Yo ya no la toco nunca, y quiero viajar ligero.
—¿Me darás también el escalpelo de Rob J.? -Siempre se había sentido secretamente impresionada por el antiguo escalpelo de la familia.
Su padre sonrió.
—El escalpelo de Rob J. no ocupa mucho sitio. Me lo quedaré yo. No tardará mucho en pasar a tu poder.
—Espero que aún falte mucho tiempo -dijo ella, y se inclinó sobre la mesa para besarlo.
El profesor Cole tenía pensado dejar los muebles de su apartamento en un almacén, y le pidió que se quedara con lo que quisiera.
—La alfombra de tu estudio -respondió ella sin pensarlo.
Para él fue una sorpresa: era una alfombra belga vulgar, de color beige, casi raída, sin ningún valor.
—Llévate la Hamadán que hay en la sala. Es mucho mejor que la del estudio.
Pero ella ya tenía una alfombra persa de calidad, y quería algo que fuera parte de su padre. Así que se dirigieron al apartamento y enrollaron y ataron la alfombra.
Aunque la llevaban entre los dos, les costó trabajo bajarla por la escalera y meterla en el compartimento de carga del Explorer.
La viola da gamba viajó a Woodfield en el asiento de atrás, que ocupaba casi por completo.
R.J. se alegraba de tener el instrumento y la alfombra, pero le entristecía pensar que últimamente no hacía más que heredar las pertenencias de personas a las que quería.
Noches de invierno
Un sábado por la mañana, Kenneth Dettinger llegó a la casa de troncos y se encontró a R.J. recogiendo las últimas posesiones de los Markus. La ayudó a empaquetar las herramientas y los utensilios de cocina.

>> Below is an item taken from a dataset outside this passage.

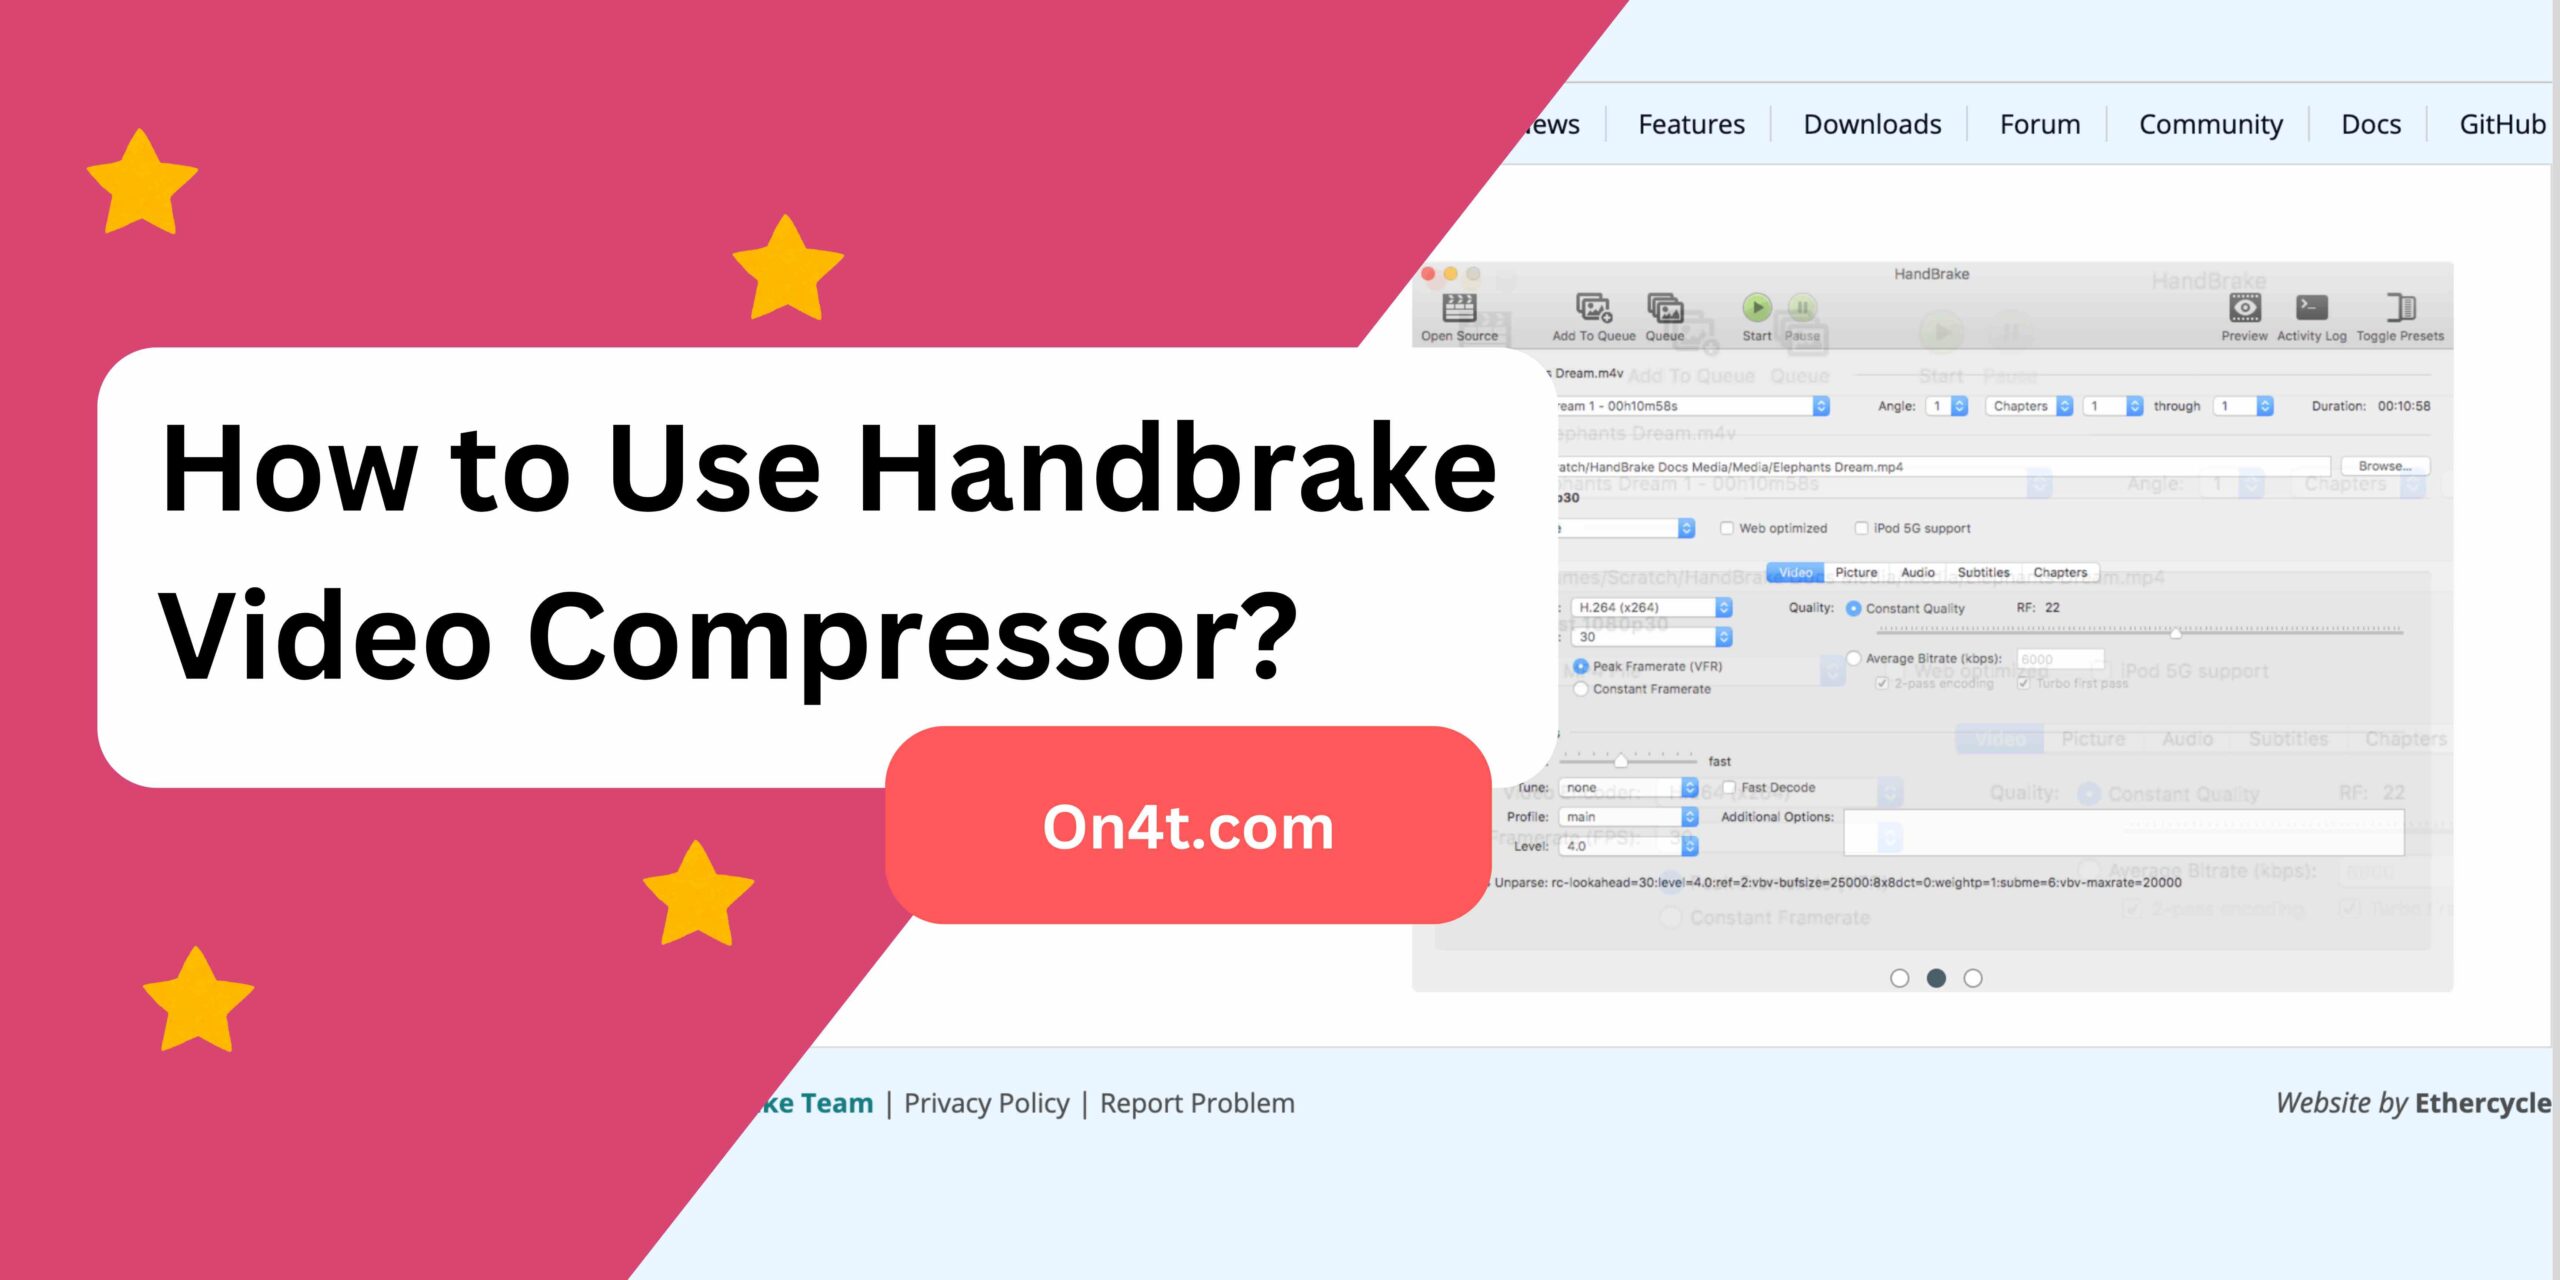 How to Use Handbrake Video Compressor?

—Oiga, me gustaría quedarme los destornilladores y unas cuantas sierras.
—De acuerdo. Son suyos.
Sin duda la notó tan deprimida como realmente se sentía, porque le dirigió una mirada inquisitiva.
—¿Qué va a hacer con las demás cosas?
—Regáleselas a las damas de la parroquia para su venta de beneficencia.
—¡Perfecto!
Siguieron trabajando un rato en silencio.
—¿Está usted casada? -preguntó él por fin.
—No. Divorciada, como usted.
Él asintió con un gesto. Por un instante, R.J. vio una sombra de dolor en su rostro, fugaz como un pájaro.